* [ACTION ITEM]:
Return all of the data exactly as written, without the pictures.

+++ DATA SHOWN

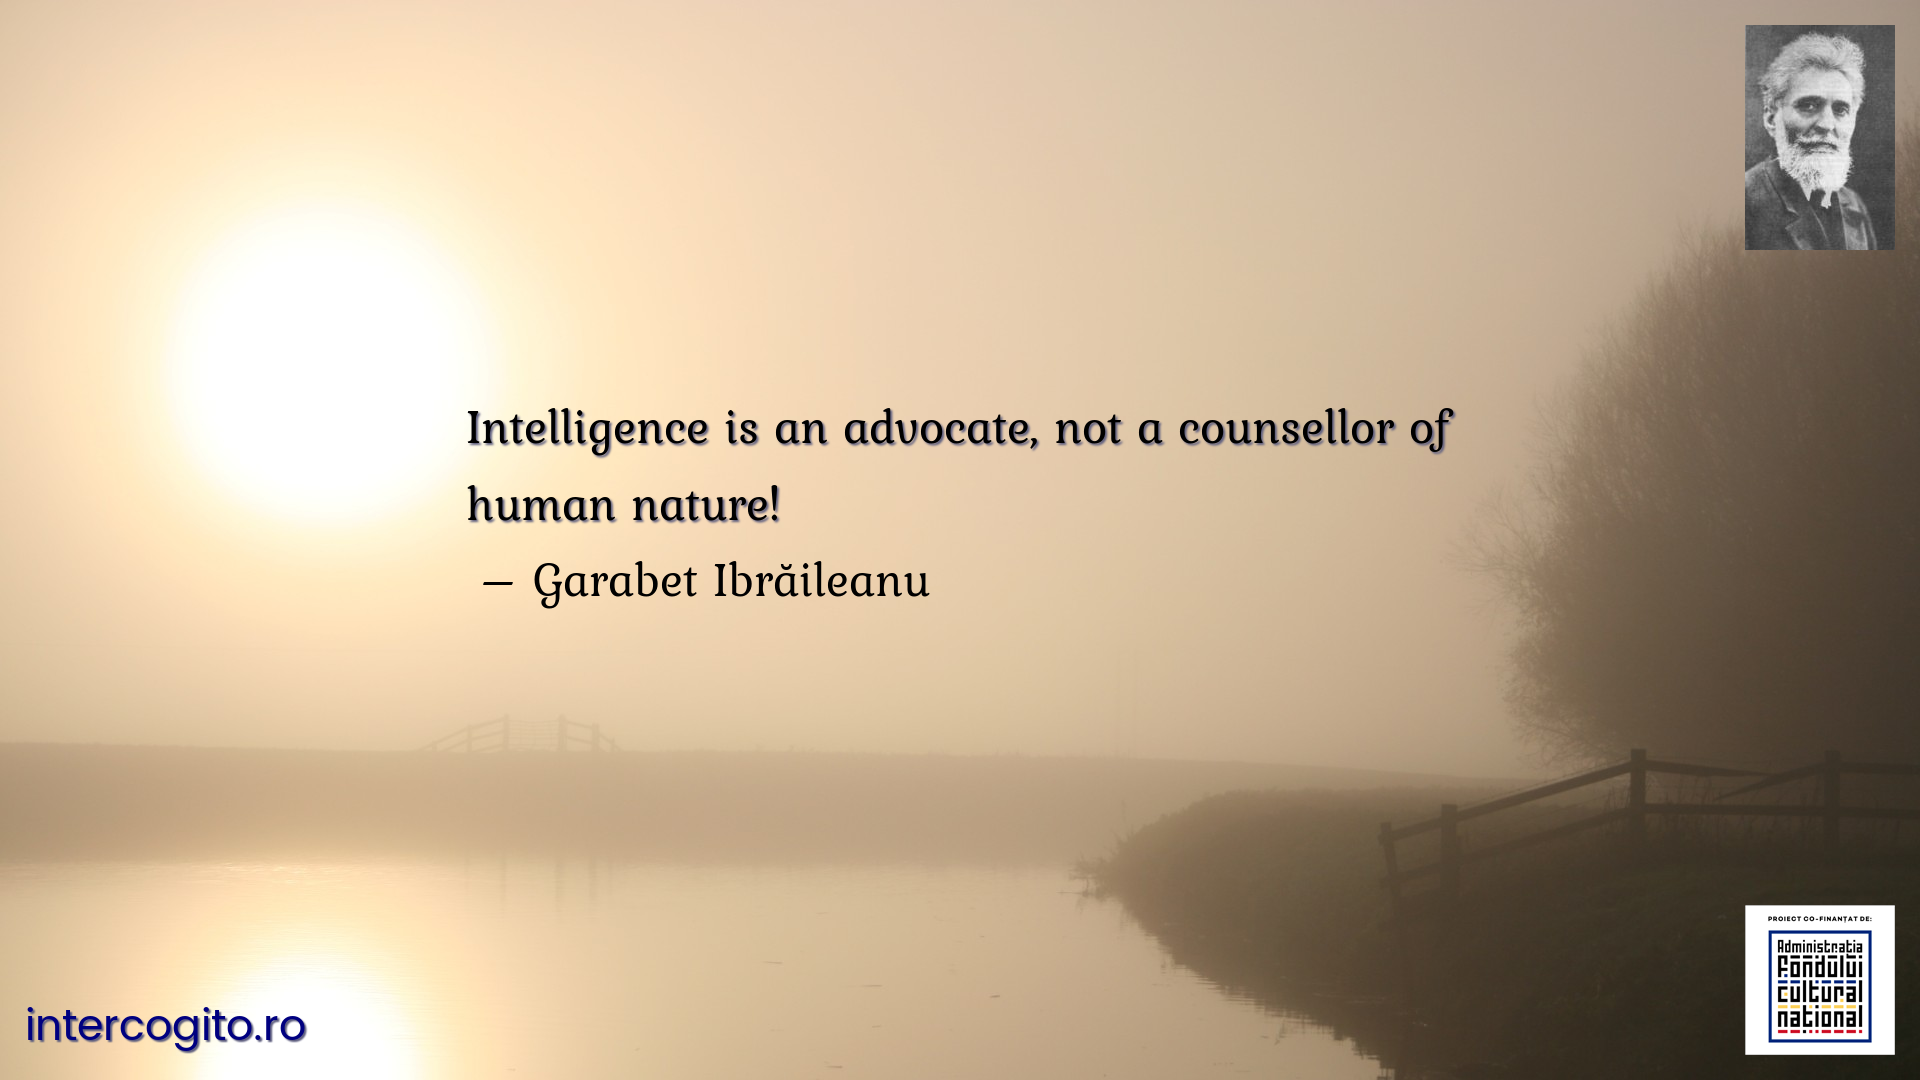 Intelligence is an advocate, not a counsellor of human nature!
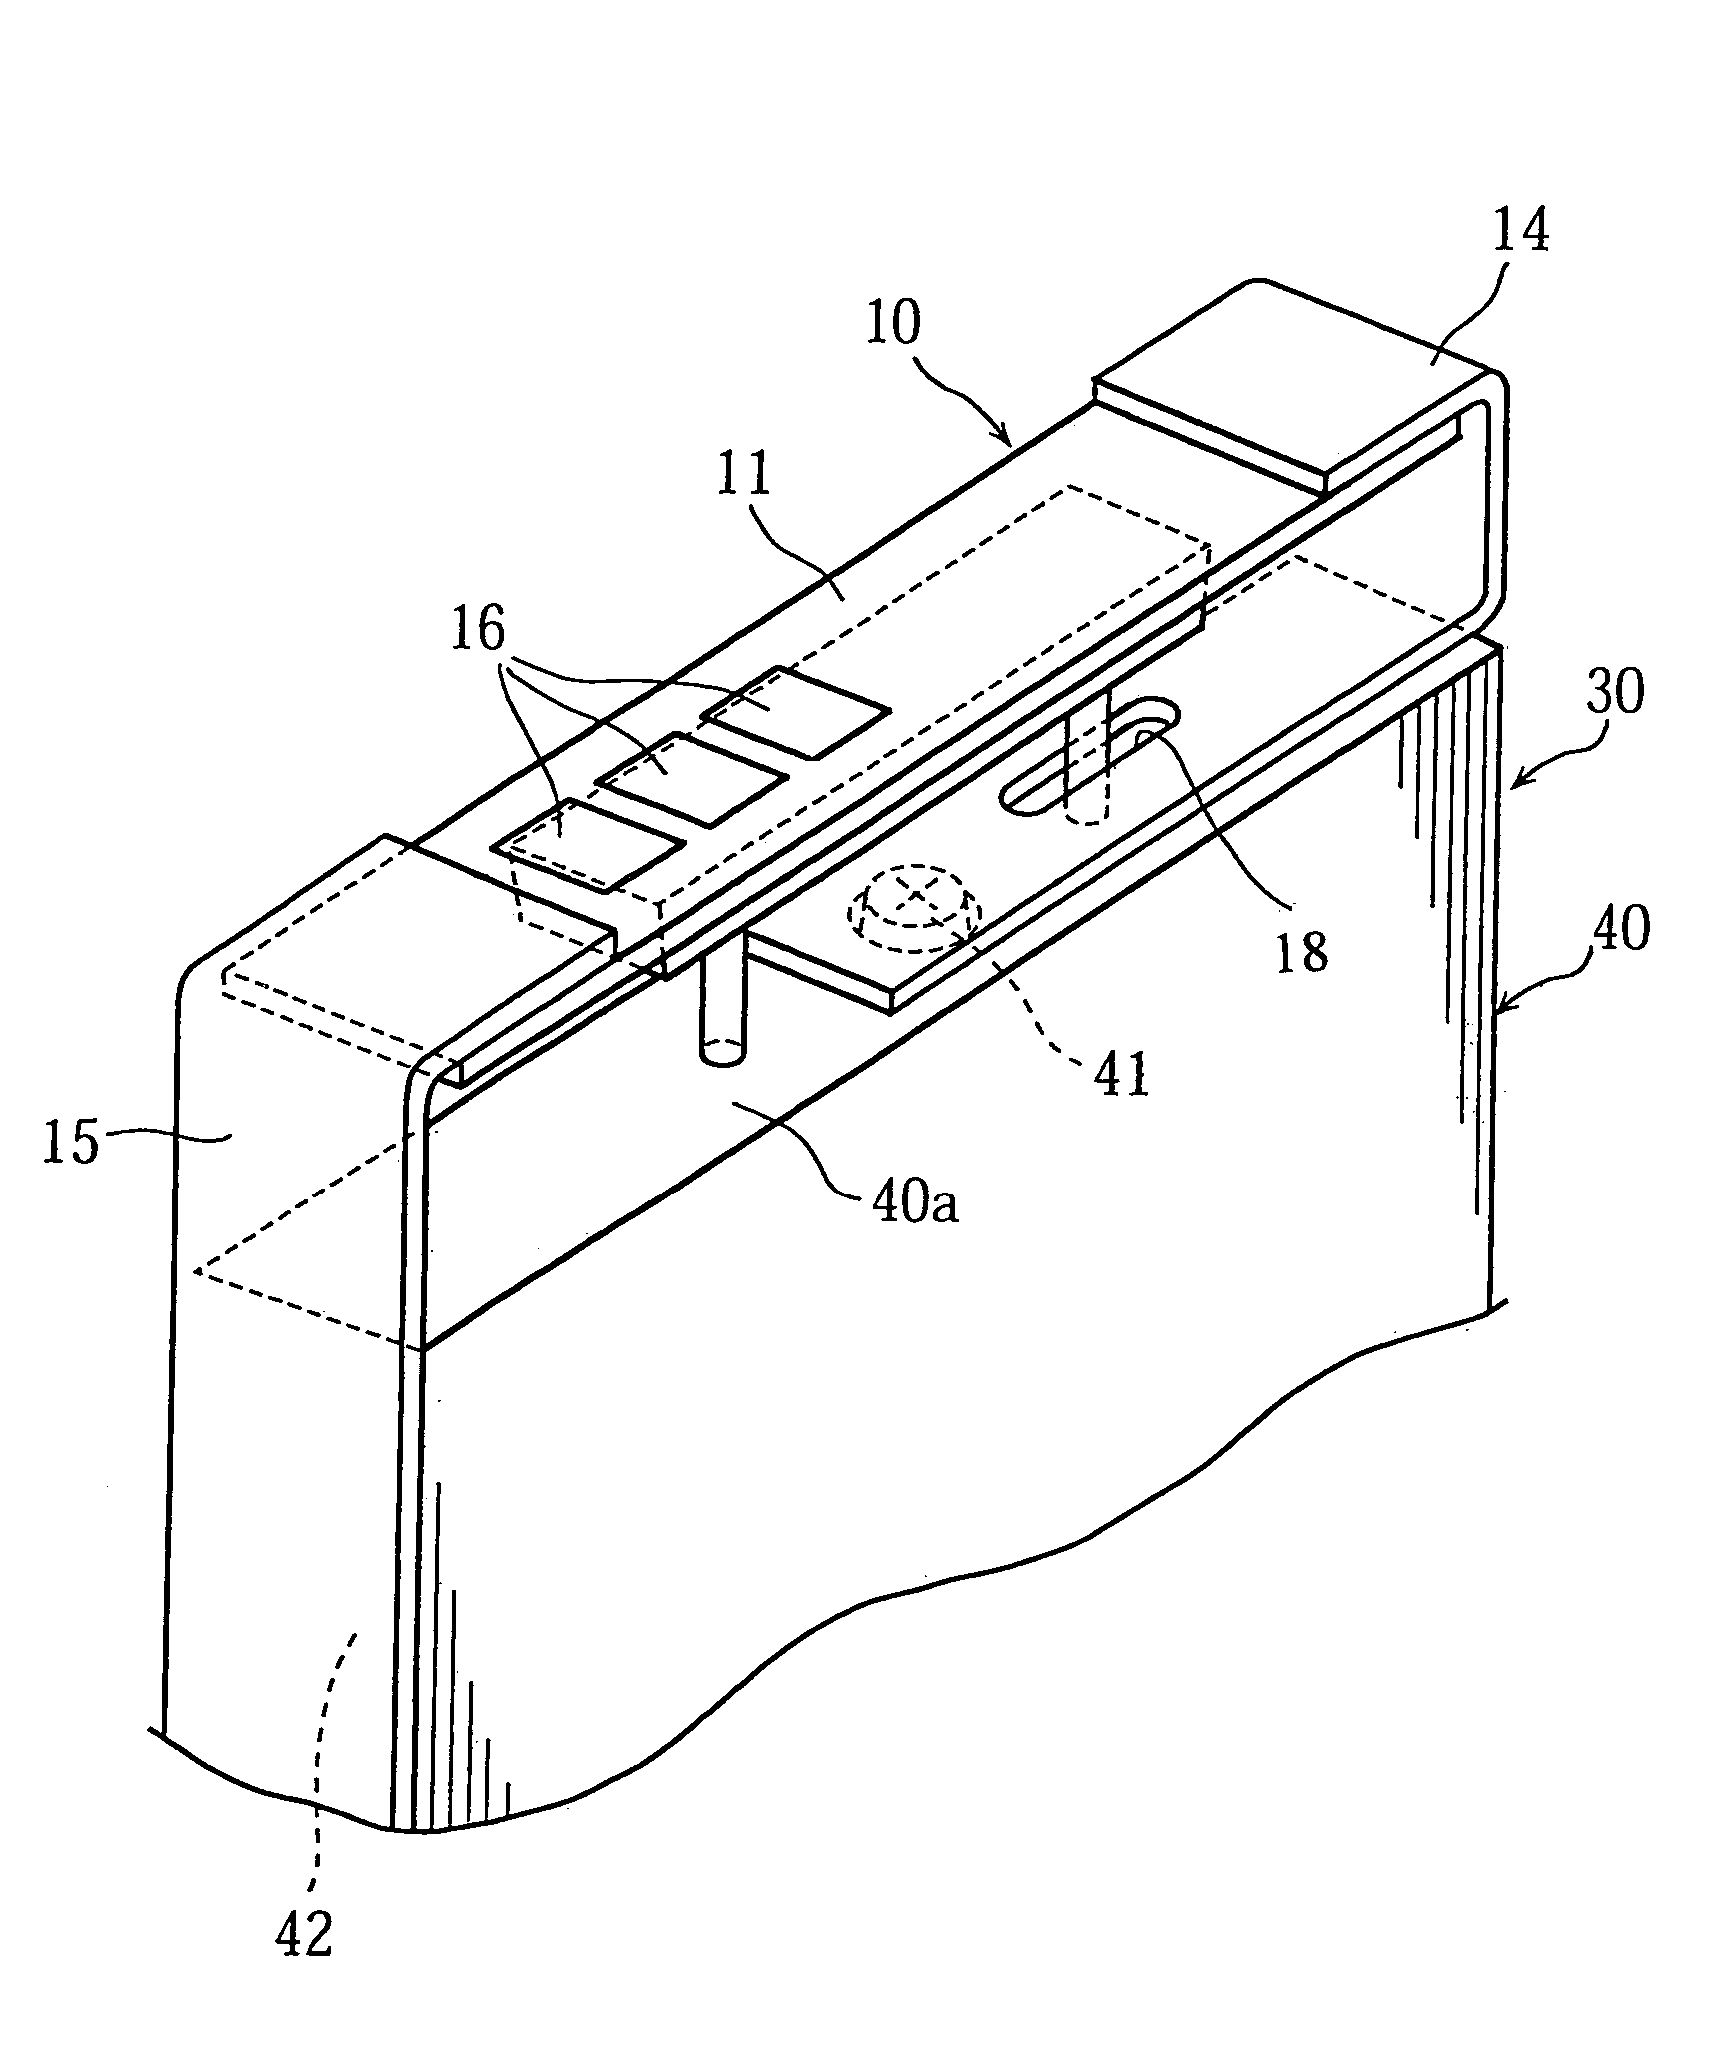 Protection circuit module and battery pack incorporating the same
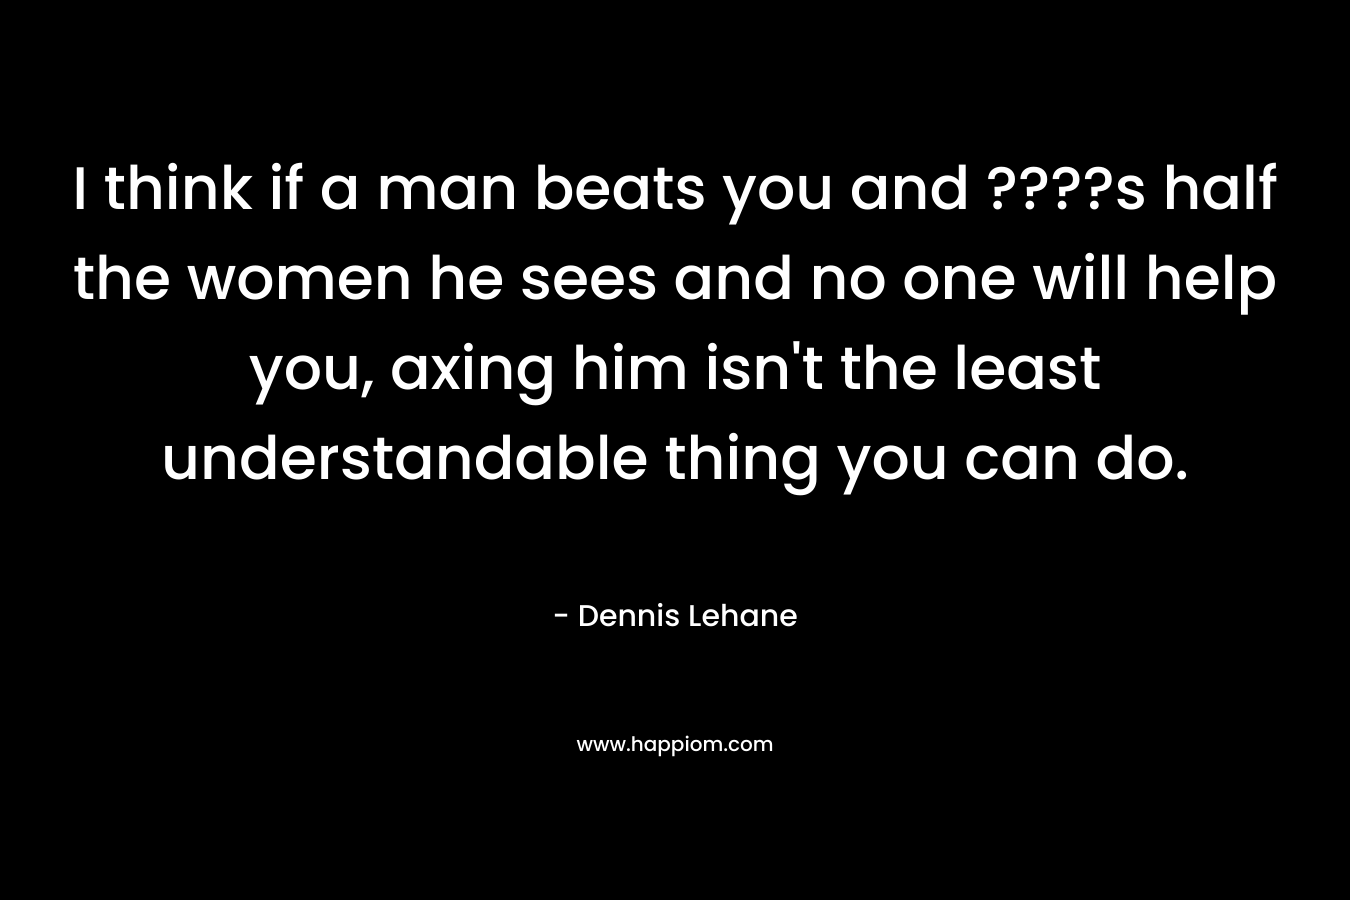 I think if a man beats you and ????s half the women he sees and no one will help you, axing him isn’t the least understandable thing you can do. – Dennis Lehane

++++++

* [TASK SOLUTION]:
 Intelligence is an advocate, not a counsellor of human nature!
 Protection circuit module and battery pack incorporating the same
 I think if a man beats you and ????s half the women he sees and no one will help you, axing him isn’t the least understandable thing you can do. – Dennis Lehane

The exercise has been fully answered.